## About this exercise
Would you transcribe the listing exactly as it stands, minus any images?
------ Available data
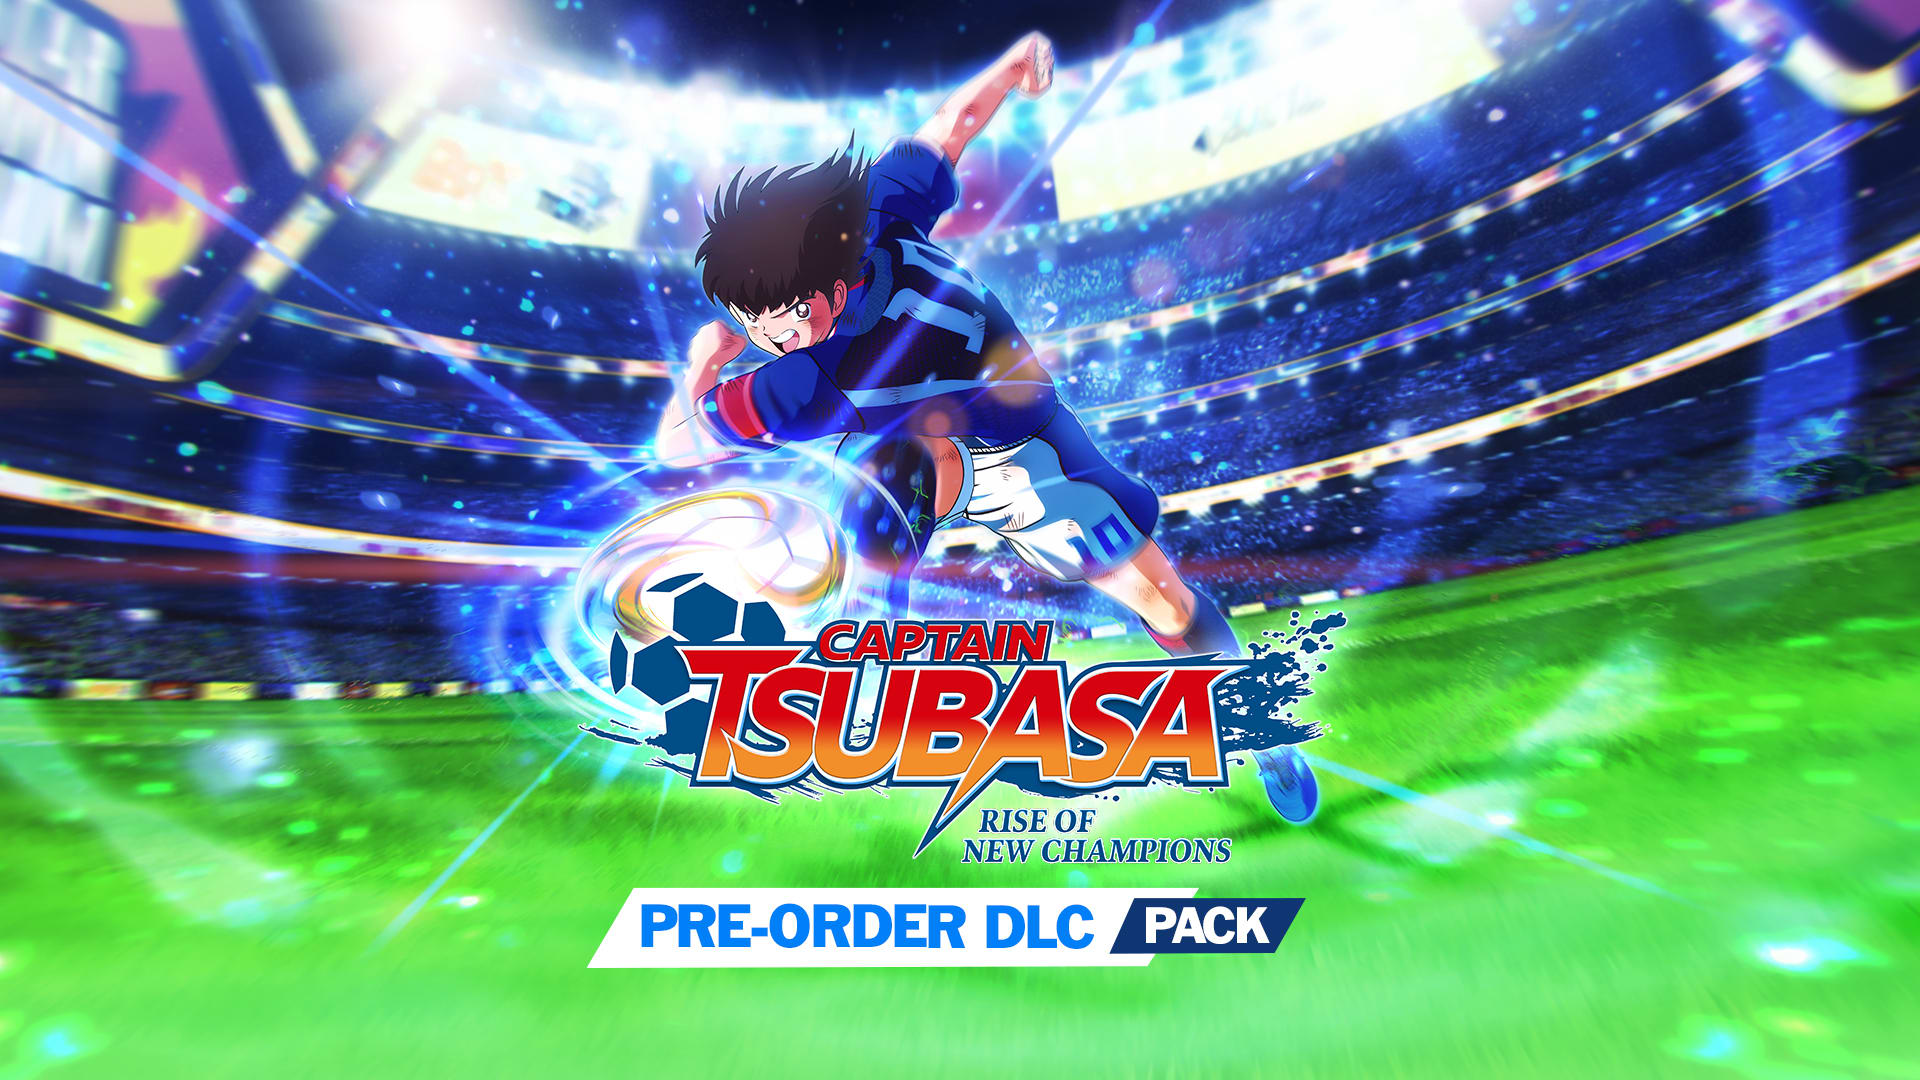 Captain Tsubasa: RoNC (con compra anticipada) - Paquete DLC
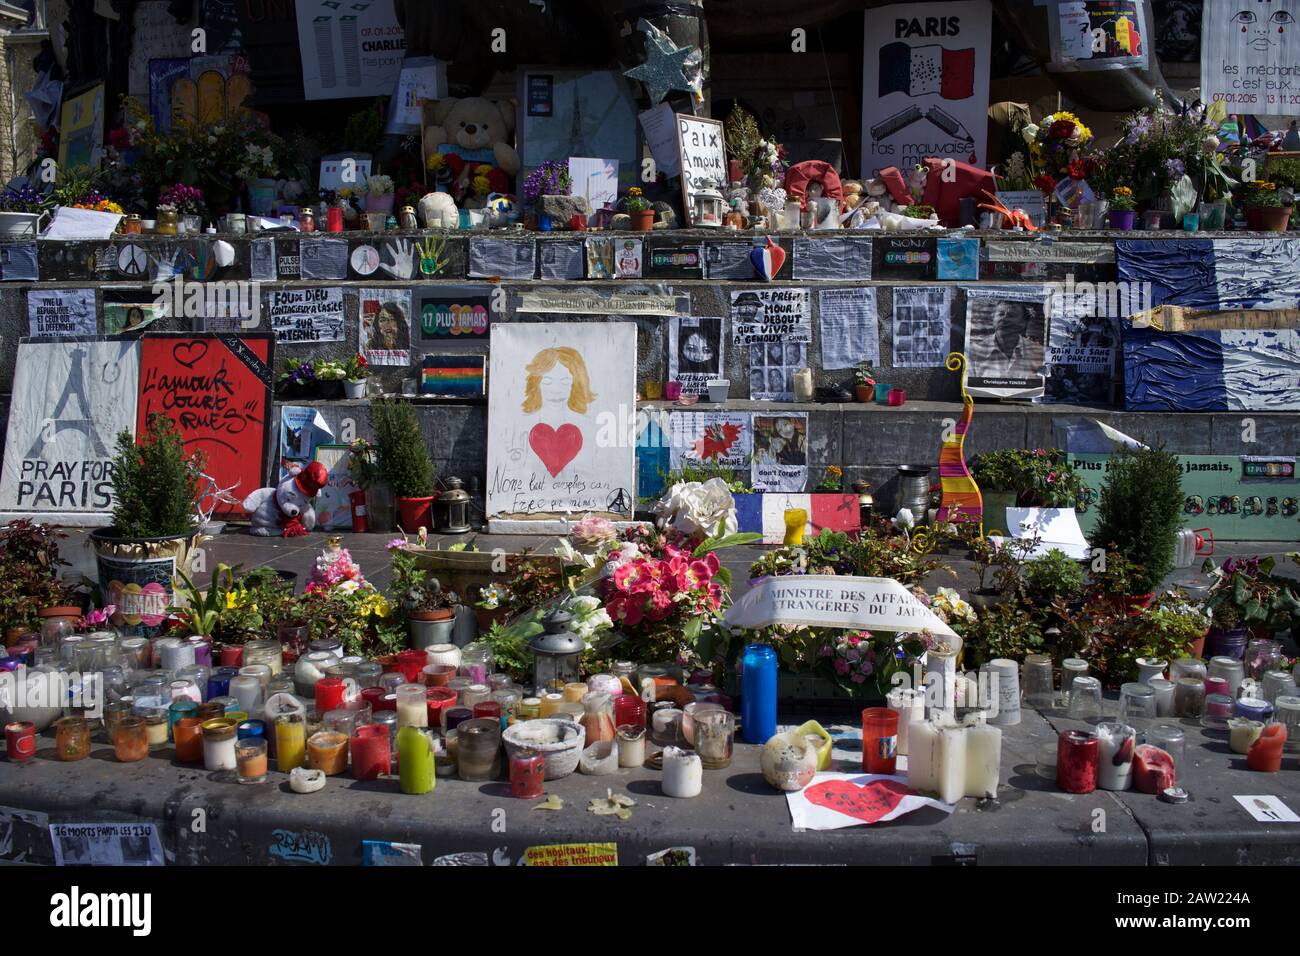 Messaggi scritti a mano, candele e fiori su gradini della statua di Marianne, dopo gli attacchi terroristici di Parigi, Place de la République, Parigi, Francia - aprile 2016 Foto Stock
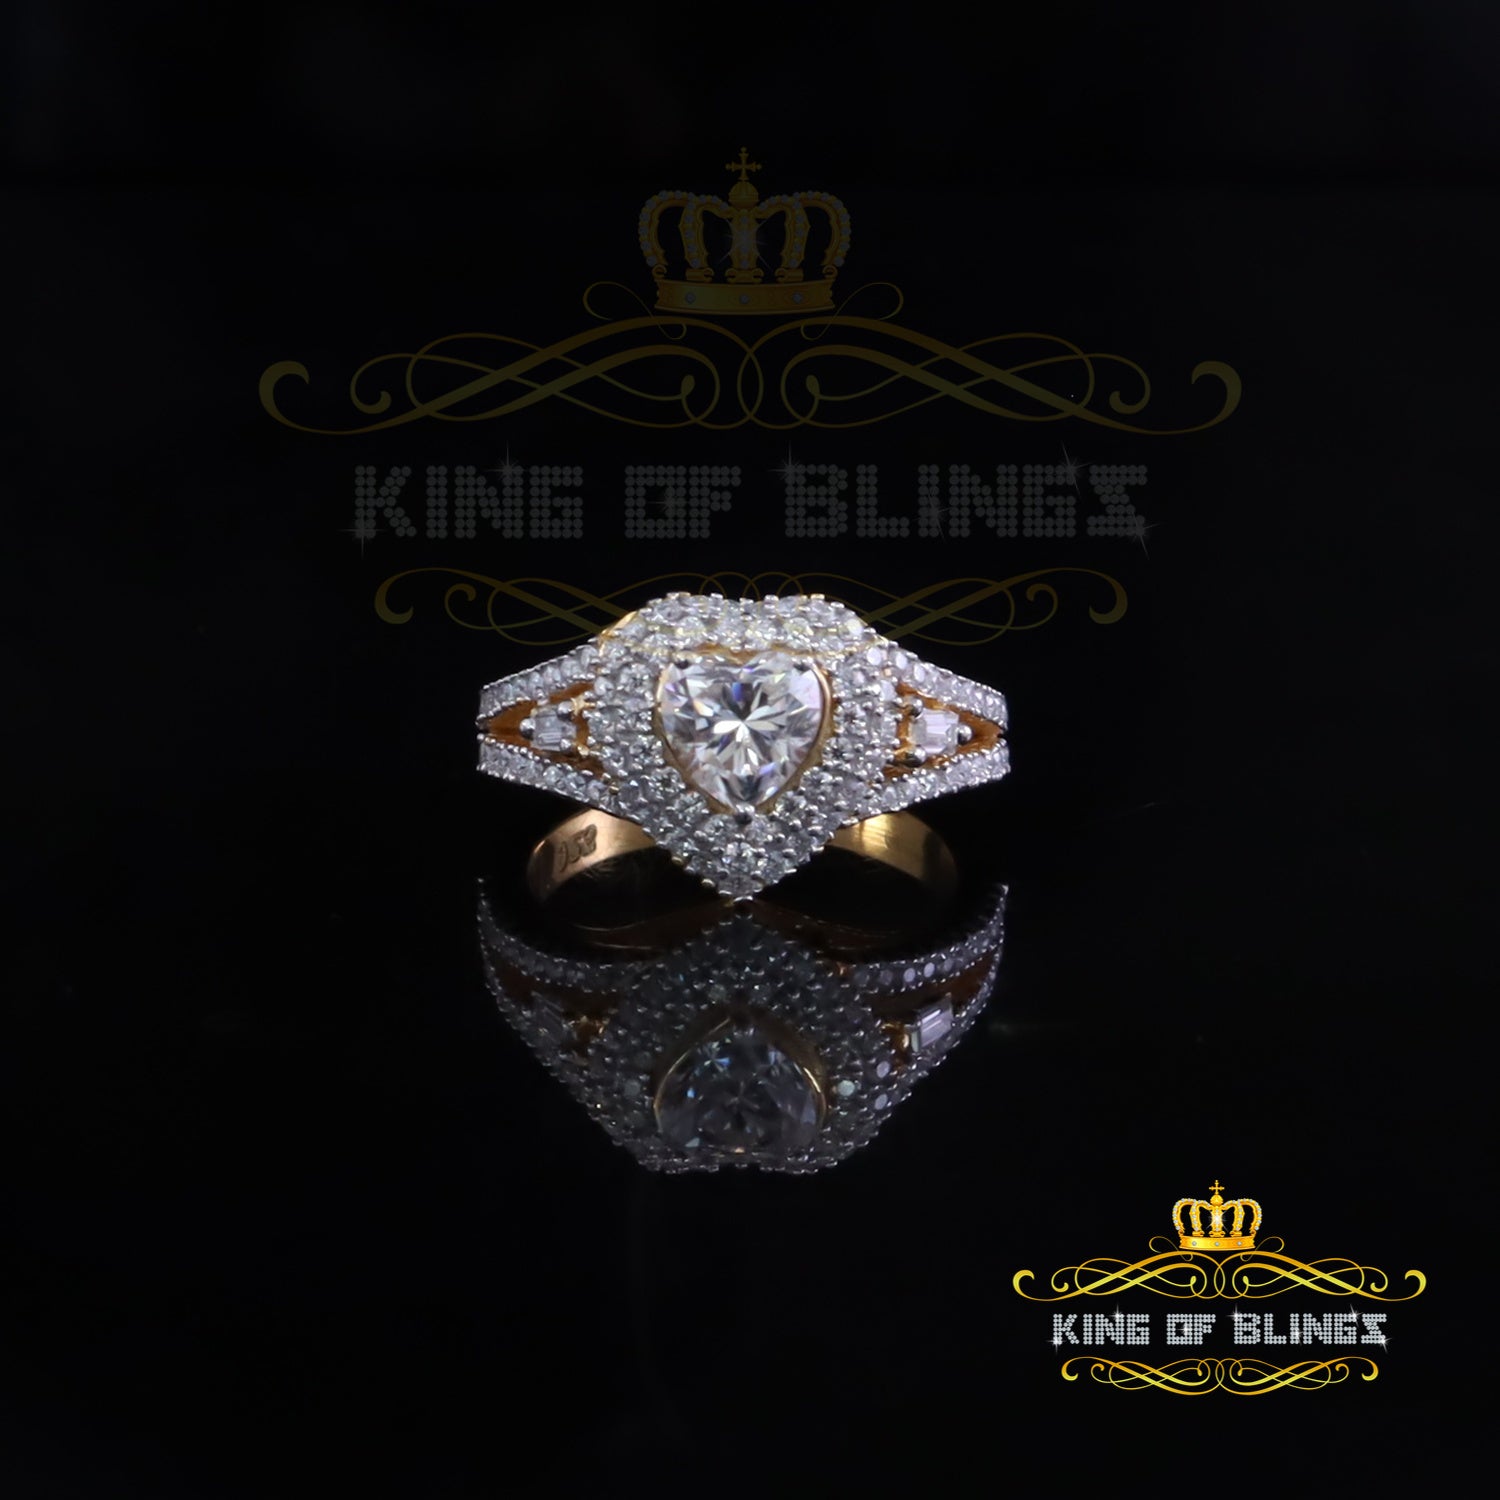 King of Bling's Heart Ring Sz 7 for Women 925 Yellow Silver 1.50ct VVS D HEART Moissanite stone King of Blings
------------
## Expected answer
 Captain Tsubasa: RoNC (con compra anticipada) - Paquete DLC
 Messaggi scritti a mano, candele e fiori su gradini della statua di Marianne, dopo gli attacchi terroristici di Parigi, Place de la République, Parigi, Francia - aprile 2016 Foto Stock
 King of Bling's Heart Ring Sz 7 for Women 925 Yellow Silver 1.50ct VVS D HEART Moissanite stone King of Blings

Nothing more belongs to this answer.